T-CELL RESPONSE TO ALLERGENS

T cells are a vital component of our immune system. T lymphocytes and TCRs are fundamental components of the immune response. They constitute a subset of lymphocytes and play a significant role in immune responses. The ‘T’ abbreviation comes from the thymus, where these cells undergo their final maturation stages. It plays a critical role in maintaining tolerance to harmless antigens. Type 1 allergies arise from IgE-mediated reactions to antigens. Allergy is known to be among the commonly occurring chronic diseases. It can manifest itself in formations such as allergic rhinitis, dermatitis, food allergies, and life-threatening anaphylaxis due to colony-associated IgEmediated reactions. Therefore, the role of T lymphocytes is crucial in terms of the system’s health, balance, and protective functionality. [10] All multicellular organisms are engaged in a battle against pathogenic bacteria, viruses, fungi, and parasites. The first line of defense against infectious pathogens consists of physical and chemical barriers.

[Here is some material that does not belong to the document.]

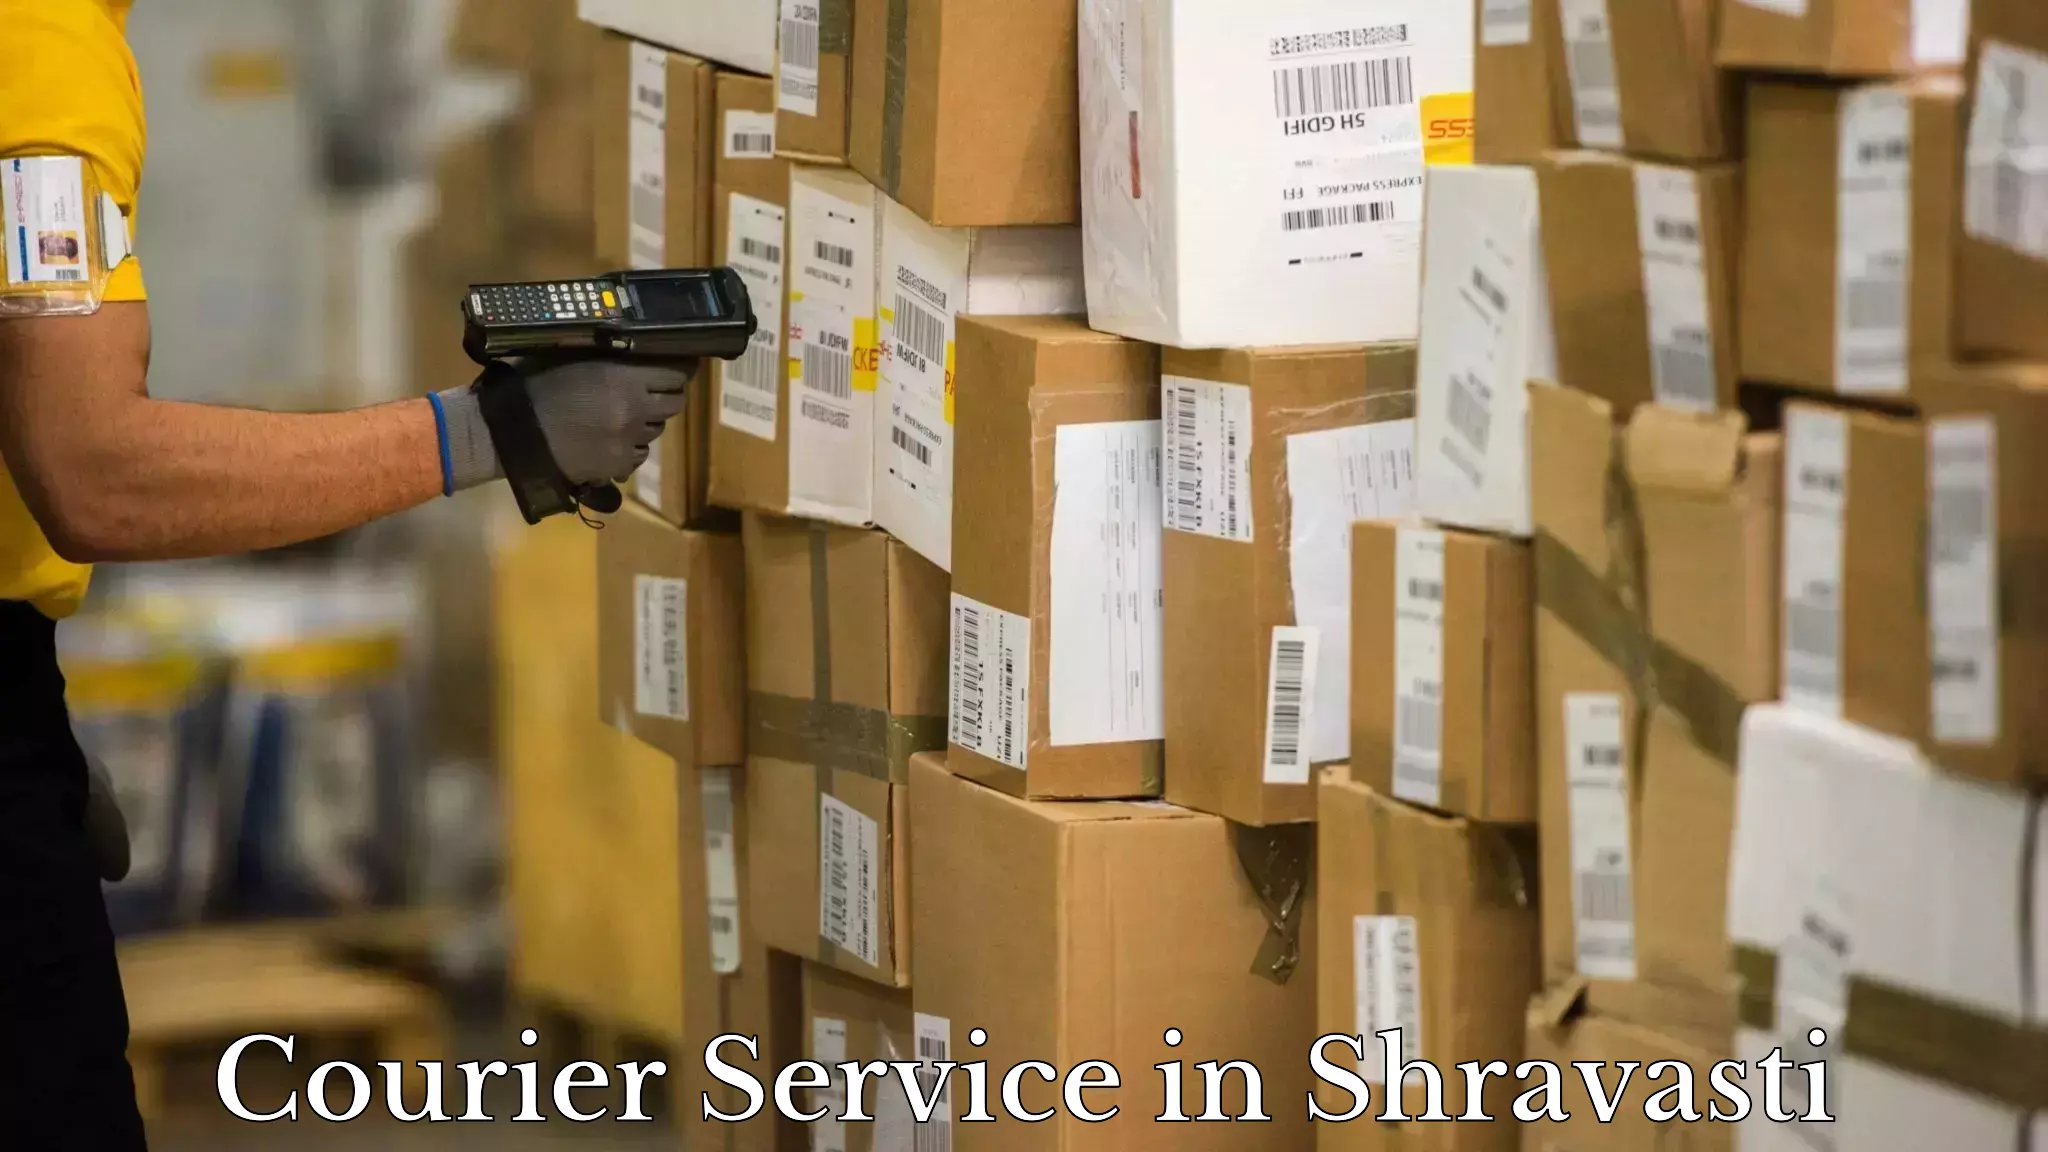 Courier service efficiency in Shravasti

Overcoming these barriers allows pathogens to weaken, necessitating the activation of the system for the clearance of infection. The immune system is a host defense comprising numerous biological structures and processes that provide defense against foreign and also damaged and transformed entities within an organism.[11] The ability of the immune system to function optimally depends on its components’ ability to distinguish between self and non-self and to respond to the non-self. In higher organisms, the system is classified as acquired or innate, with the former emerging later and the latter being present from birth.[12]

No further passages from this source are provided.